## [What the task asks]
Lines to restate from the data below: from the one containing "Volvo Cars launches new S60 sports sedan" to the one containing "Roland Sturm: Family Bike Rides in Germany.", both included. Give them again exactly, and only them.

## [Dataset content]
--
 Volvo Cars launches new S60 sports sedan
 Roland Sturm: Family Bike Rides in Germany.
--
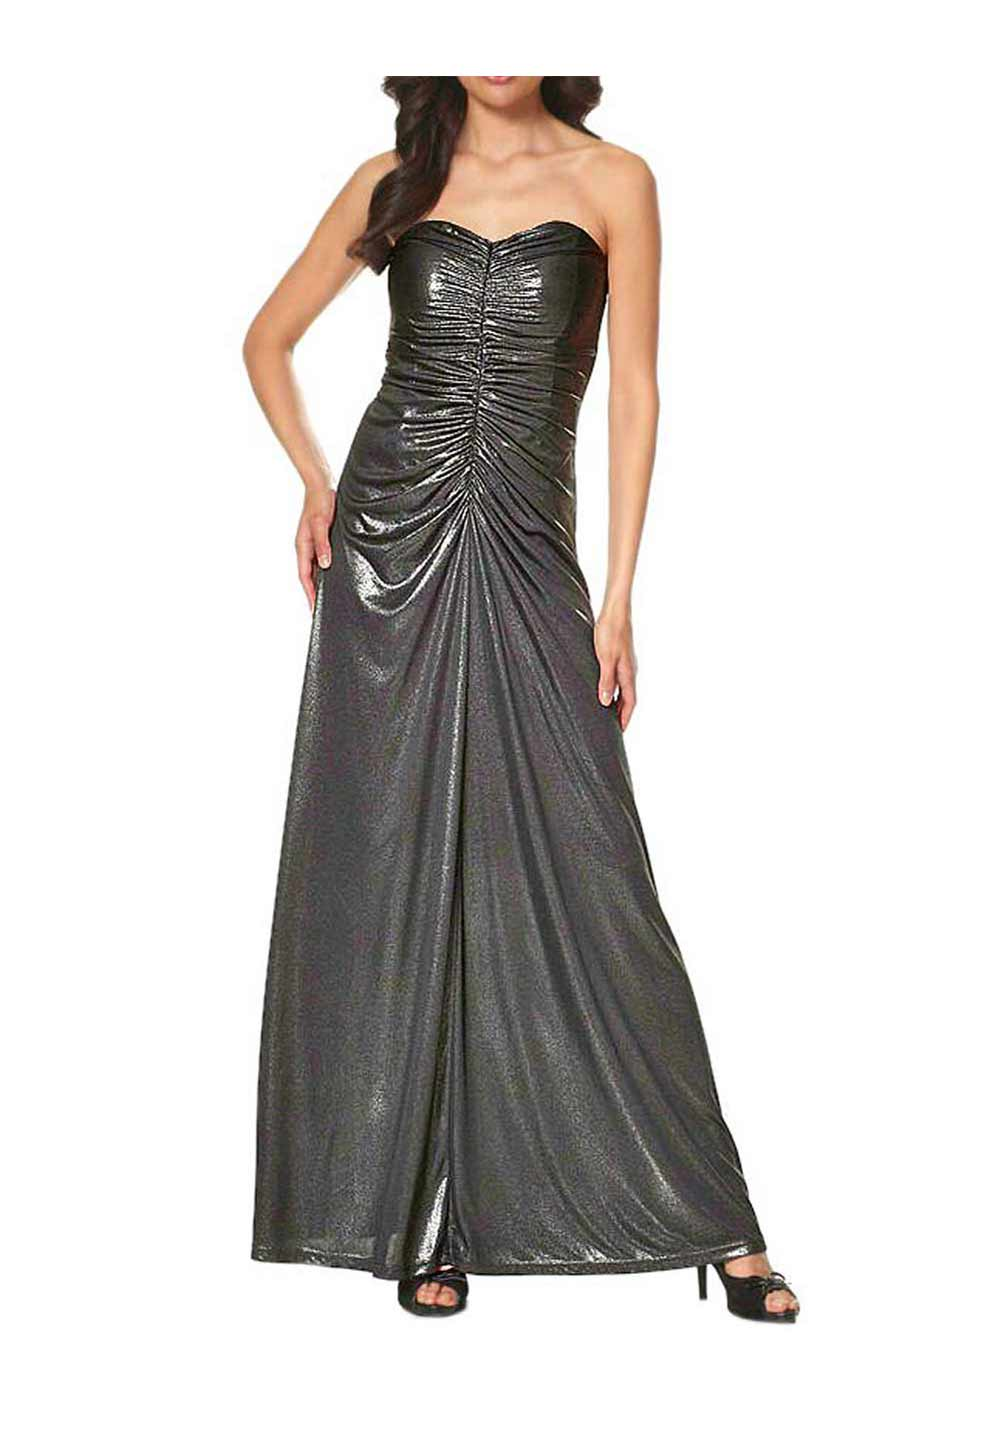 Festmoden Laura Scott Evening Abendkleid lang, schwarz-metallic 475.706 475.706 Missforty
--
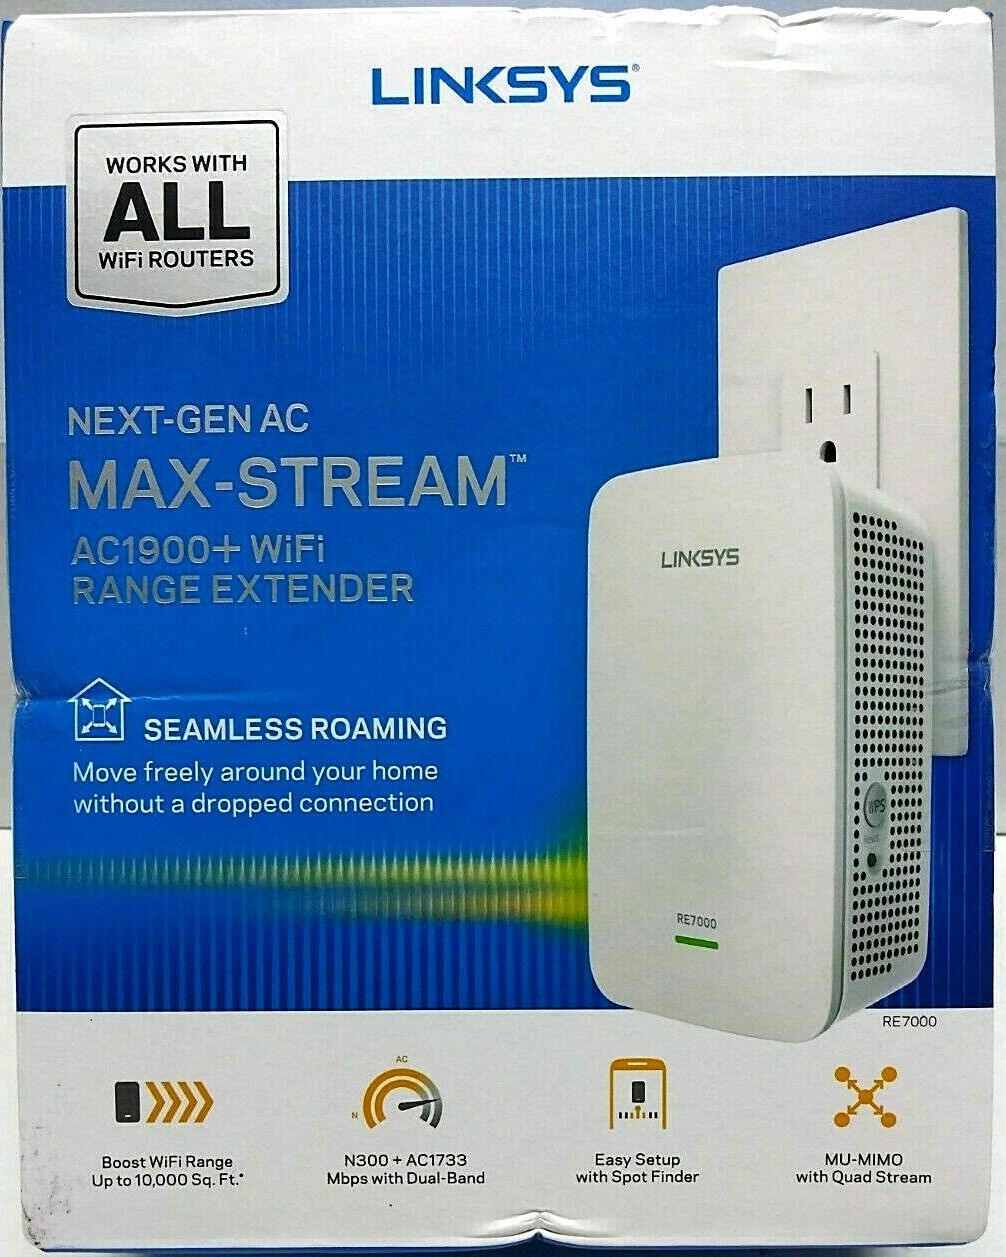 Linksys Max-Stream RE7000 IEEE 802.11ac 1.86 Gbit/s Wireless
--
## [Exercise response]
 Volvo Cars launches new S60 sports sedan
 Roland Sturm: Family Bike Rides in Germany.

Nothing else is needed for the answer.